Systemic change is nothing if not difficult, and whilst there have been numerous models and frameworks proposed over the years, few of these have really had a body of successful implementation behind them to suggest a high degree of robustness.
One of the pioneers in this space however are The GovLab that has emerged out of New York University, and they’ve recently teamed up with the Bertelsmann Foundation to create a new initiative around People Led Innovation.
“In the modern era of governance where municipalities increasingly face incredibly complex challenges, the need for innovation is clear,” the partners say. “Cities need to go beyond providing innovative solutions – they also need to transform and modernize the way those solutions are developed.”
The website was born out of a report that was published last year that outlined the importance of people-led innovation in cities and urban environments.
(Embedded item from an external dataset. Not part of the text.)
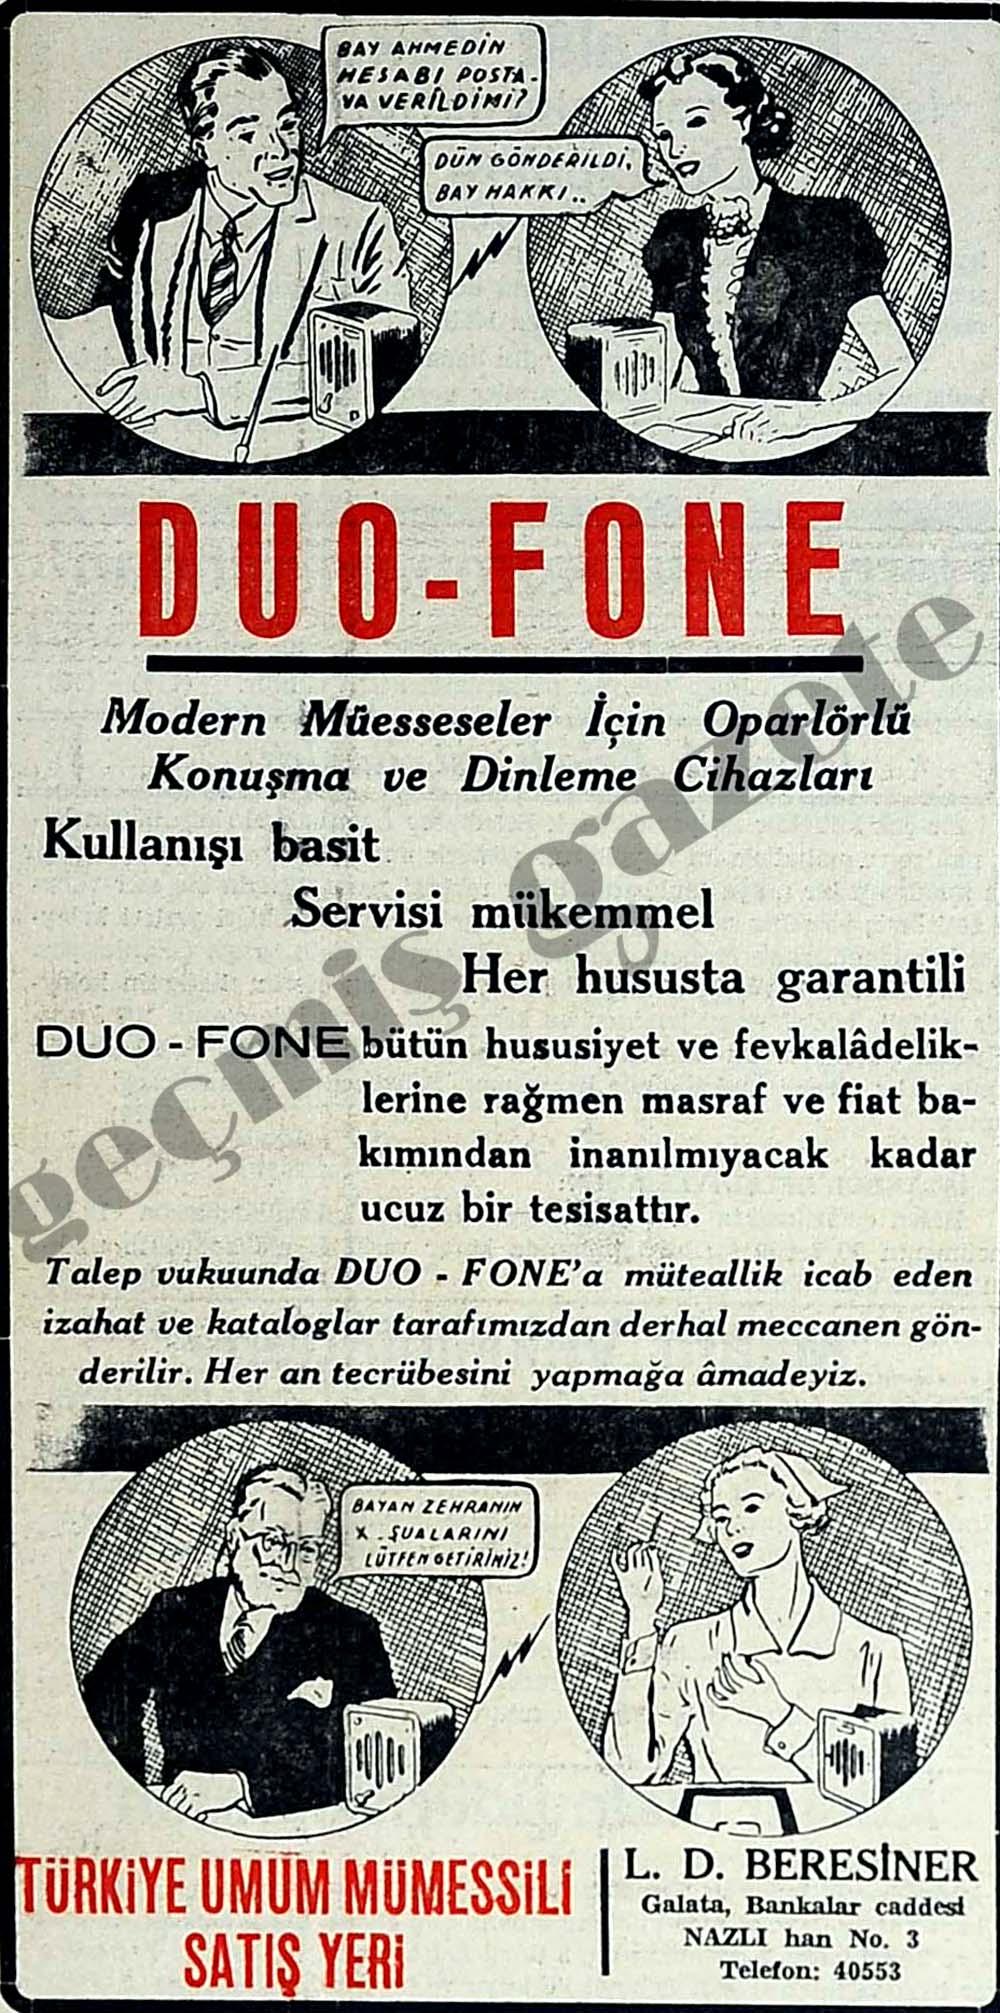 Duo-Fone Modern Müesseseler İçin Oparlörlü Konuşma ve Dinleme Cihazları
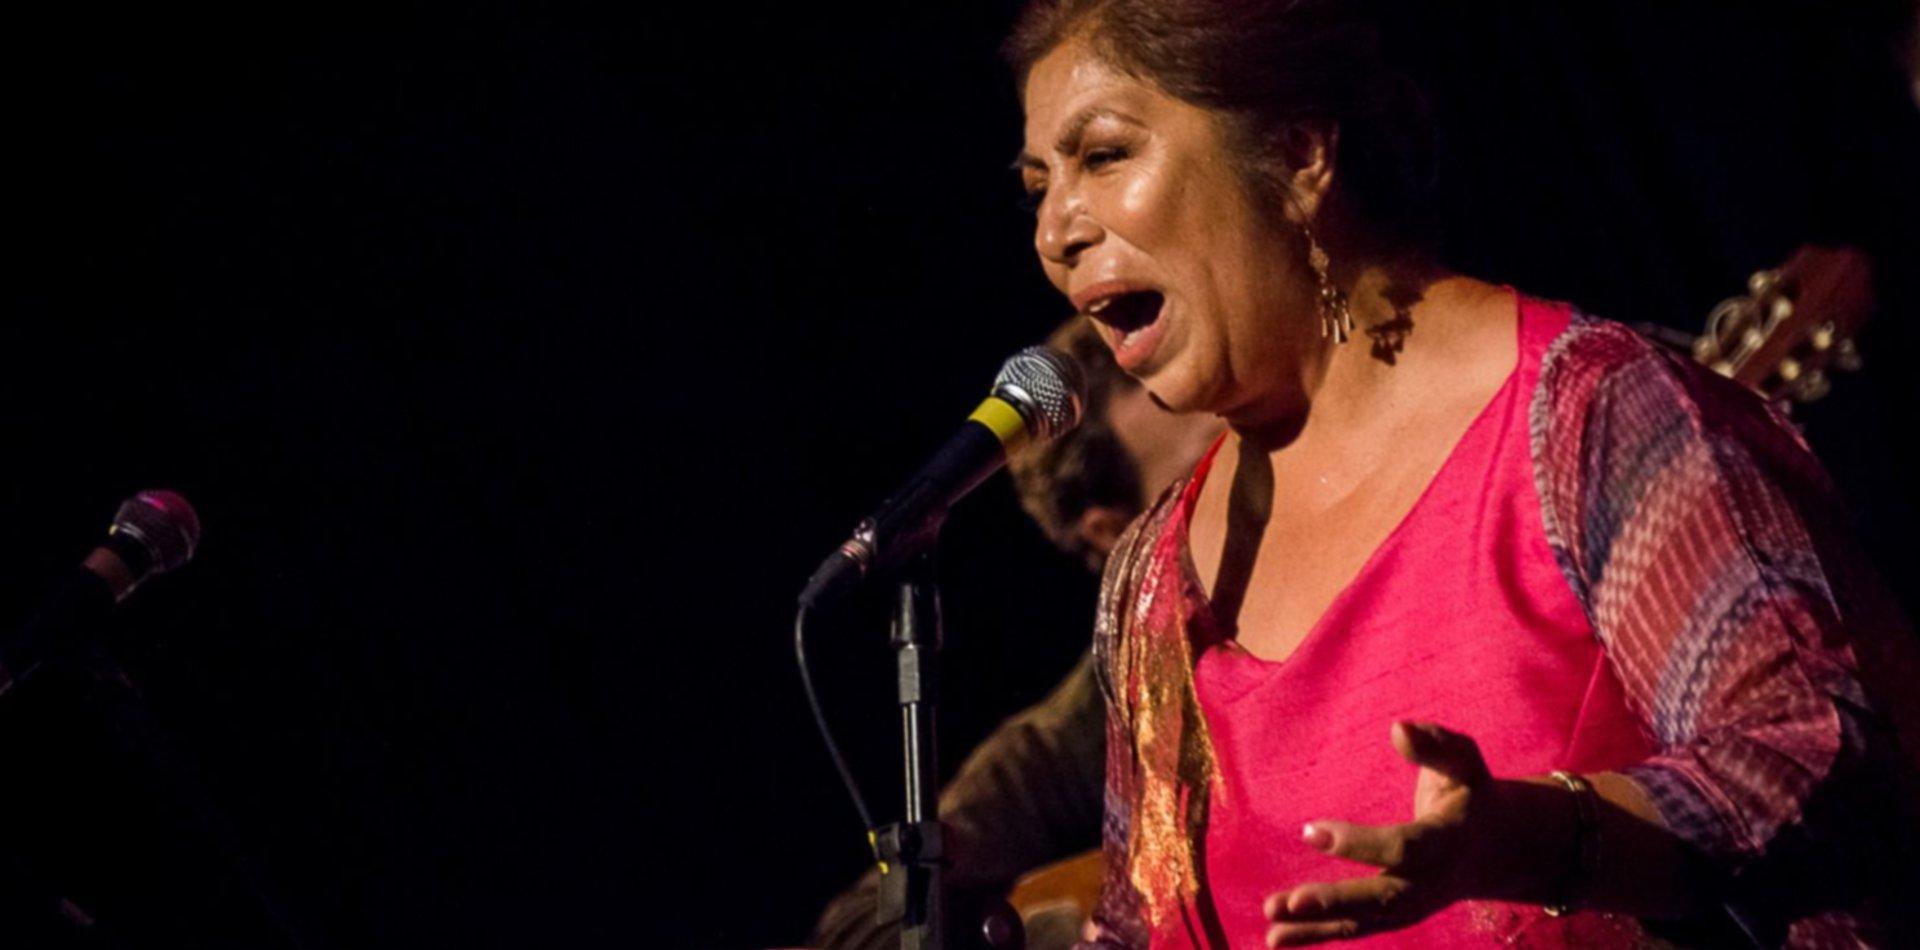 La platense Silvia Gómez presenta su nuevo disco nominado a los Premios Gardel

The report highlights both the rapid growth in cities and the inherent complexity that this growth provides in solving pressing social challenges, and also the importance of taking a people-led approach to problem solving that would see cities become policy laboratories whereby approaches are tested and solutions proven.
“The People-Led Innovation initiative is built on the idea that, as governments increasingly experiment with new means for drawing on the public’s knowledge and skills to address common challenges, one-size-fits-all citizen engagement efforts are often too broad and unwieldy to surface useful insights for city governments,” the team explain. “This new initiative provides city officials with a more strategic and actionable consideration of the most effective ways to engage the right people for the right task at the right time.”
Four phases of change
The report outlines four phases that the team believe are crucial to successful people-led innovation:
- Define and curate problems – specifically engaging people in the identification, definition and prioritization of the problems that need addressing.
- Ideate and curate solutions – tapping into the expertise people have whilst also utilizing the data contained within cities to create ideas to solve the aforementioned problems.
- Experiment and curate capacity – use whatever spare capacity people have to experiment and implement novel innovations in an agile manner to road test solutions and learn what works in the real world.
- Expand and curate feedback – work collaboratively to ensure that the lessons from these experiments are shared widely and subsequent projects improved upon as a result.
The methodology is designed to be flexible enough to support a people-led approach to change. It requires clear segmentation of tasks people can perform at various stages, and the methodology outlines eight distinct segments of people with whom one should collaborate, and four different roles those groups of people can play.
It emerged out of previous work undertaken by the GovLab, with lessons also fed into the methodology by the Bertelsmann Foundation’s Transatlantic Policy Lab project.
“Our Methodology for People-Led Innovation provides public entrepreneurs in cities with a set of steps that enable them to tap into their potentially most important – but underutilized – asset: people,” the team explain. “With localities around the world increasingly seizing the initiative to develop bold solutions, including people at all stages of the policy development process is critical to obtaining the best outcomes for the greatest number of people possible.”
In many ways, the methodology is not especially ground-breaking, and indeed borrows heavily from the kind of lean methods that have become standard practice in many domains in the past few years. Where they could potentially be invaluable is if GovLab can prove that they can support systemic change in a multitude of different use cases. That would be largely unprecedented and hugely valuable for all of those who are looking to tackle complex and systemic challenges. Whilst the team state that the methodology emerged out of just such use cases, I’d love to see a few more successful implementations before getting too carried away, but it is nonetheless an interesting methodology from a team with a strong track record in urban transformation.